Courses during the first semester
ACEP31: Introduction to Asian Studies (6 credits)
The course provides a critical, comparative, interdisciplinary, and historiographically introduction to the study of Asian societies. It discusses methodological issues related to area studies in general and Asian Studies in particular.
The course provides an historical overview of the field of Asian Studies and introduces students to central concepts and approaches in the Social Sciences and Humanities in relation to the study of Asian societies, paying particular attention to shifting contexts and contents related to forms of knowledge.
The course offers critical perspectives on Western studies and knowledge formation regarding Asia. The course further discusses and analyses new theories and approaches emanating from the study of Asian societies, including post-colonialism and subaltern theories, that both challenge and enrich Western Social Sciences. The course also introduces perspectives from postmodernism and gender studies that provide students with tools to analyse contemporary Asian societies and sensitise them to underlying issues of power and representation.

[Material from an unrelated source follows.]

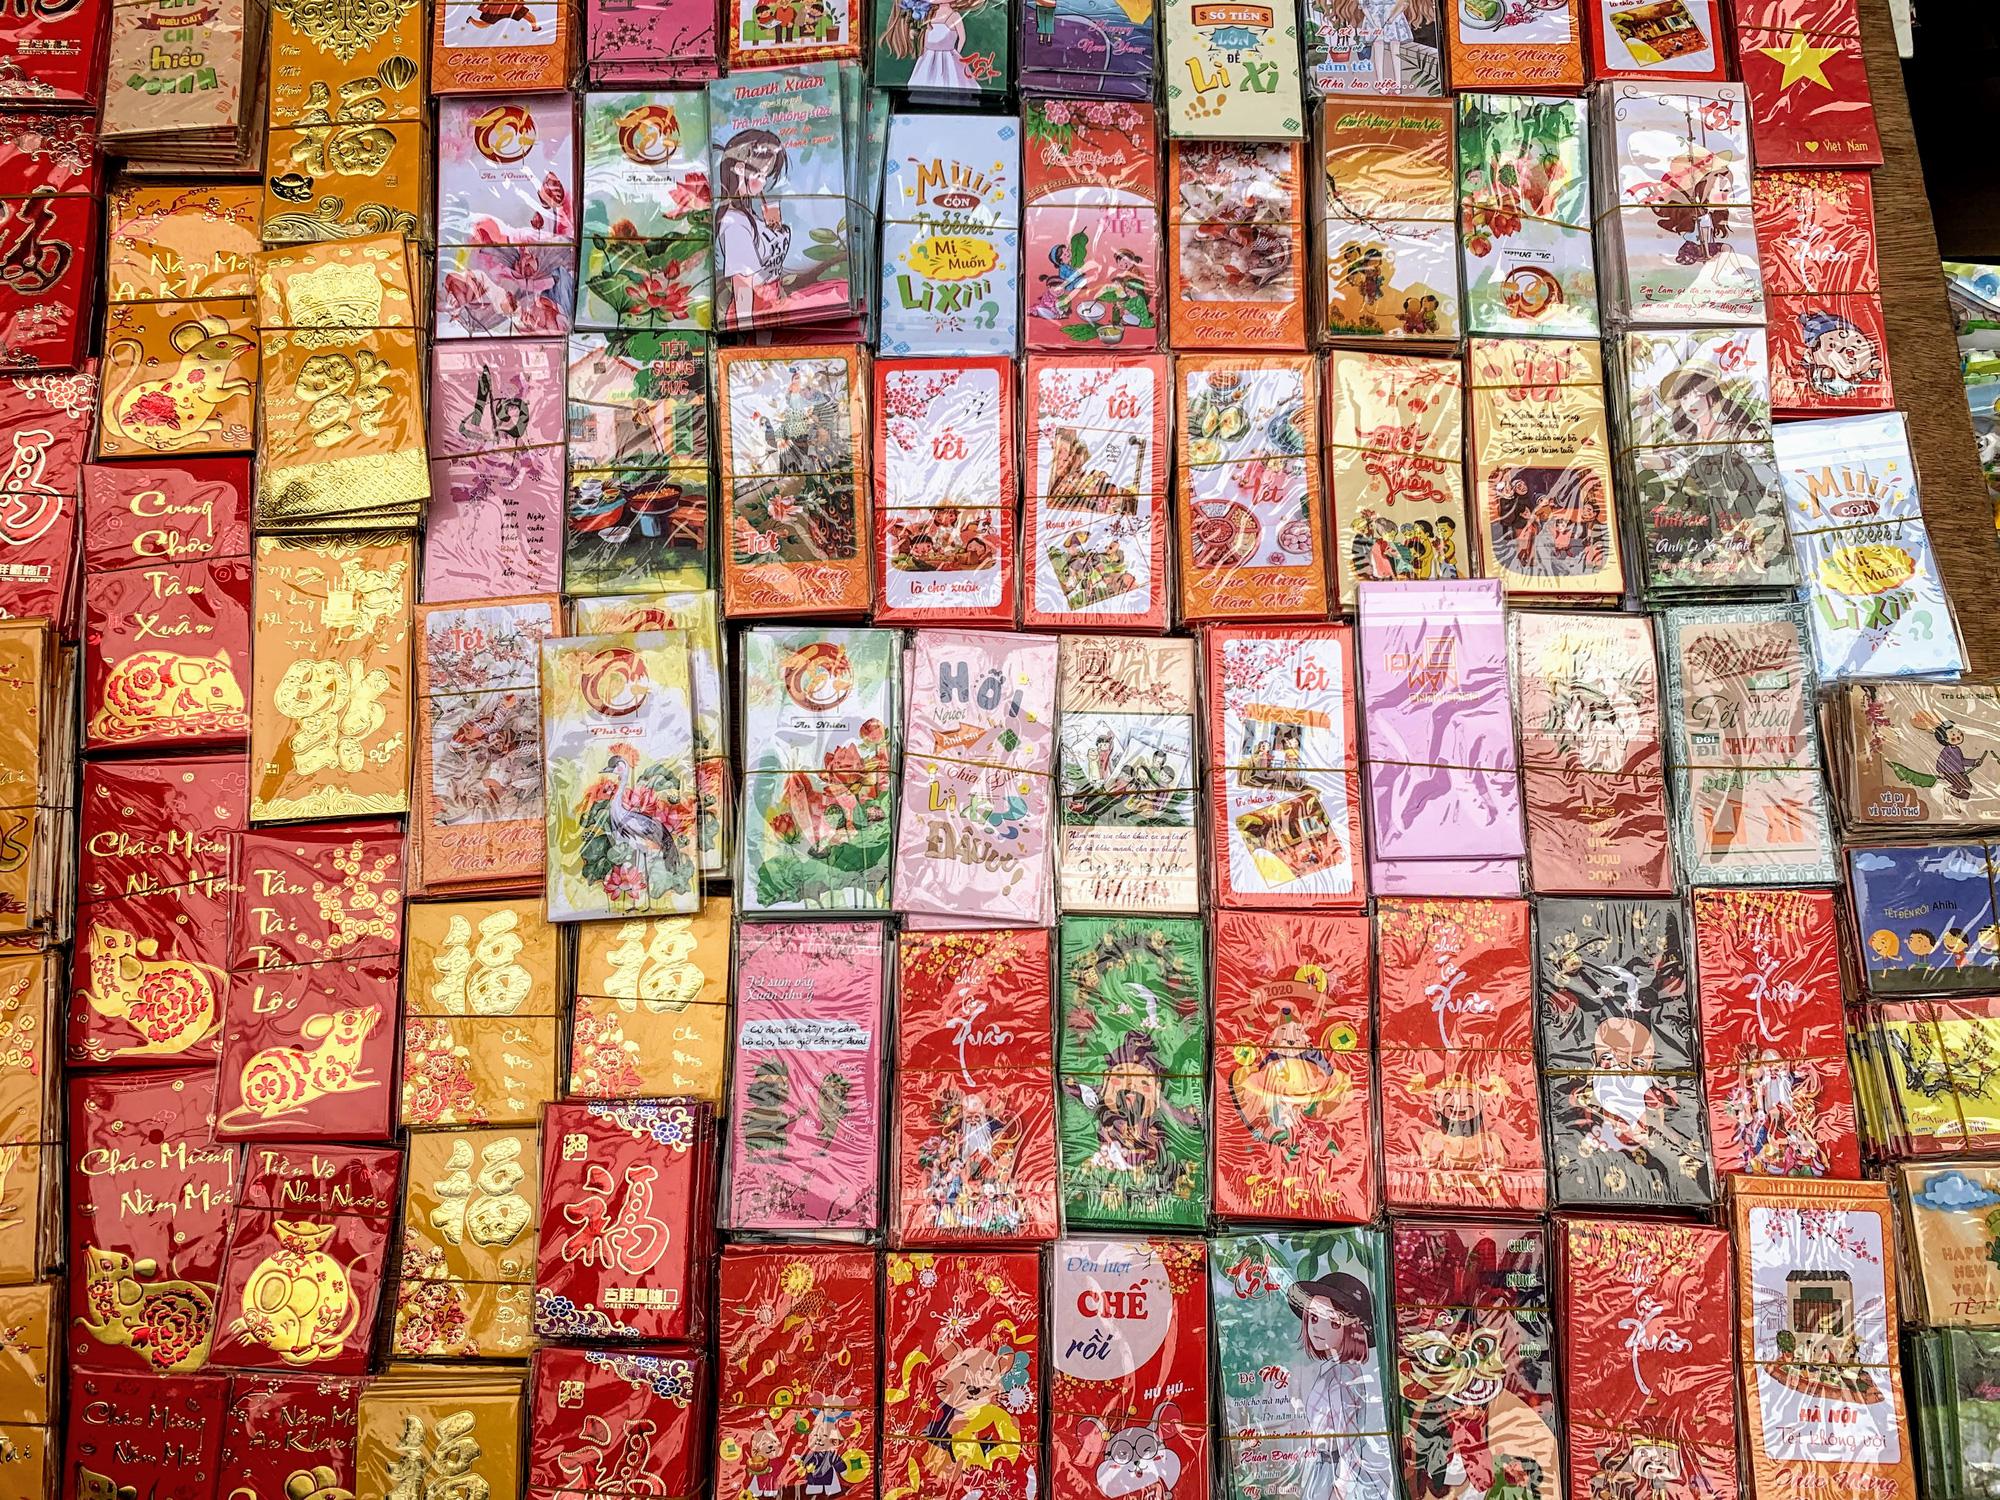 Chiều cuối năm, đột nhập chợ hoa xuân xem người Hà Nội sắm Tết - Ảnh 25.

ACEP35: Political Systems, Governance and Democracy in Asia (12 credits)
The course provides an overview of general theories related to the study of political systems, governance, and democratization. Such theories including decolonization, nationalism, authoritarianism, and the development of hybrid state systems. The ultimate aim of the course is to let the students to be able in applying these theories to the Asian context through a comparative analysis.
The course is designed to introduce students to different political systems in the region of East, South-East and South Asia. The course pays particular attention in comparing the similarities and differences experiences between and within these states. The course also discusses the phenomena of political change, rise of leadership, influences of religion, society, culture, military, and economy in domestic politics as well as international relations. The course also addresses the influence of regional organizations and multinational corporations in contemporary political developments.
ACEP36: The Economic Transformation of Asia (12 credits)
The course deals with economic development in East, South-East and South Asia. It explores and explains the processes of rapid industrialisation and socio-economic modernisation in East and South-East Asia together with the development process in South Asia based on a historically–comparative institutional approach. Fundamental factors and forces behind these changes are analysed against the background of leading theories of economic development and social change. All countries in the region can serve as examples, but particular emphasis will be given to First-Tier industrialising countries (Malaysia, Indonesia, Thailand and Philippines), Third-Tier industrialisers (China and Vietnam) and countries in South Asia (with a particular focus on India).
The course uses institutional theory to analyse the emergence of the so-called East Asian model of economic growth and development and current trends and forces of globalisation in the Asia-Pacific region. Specific focus is laid on comparing China’s and India´s economic reforms and emerging roles in the global economy.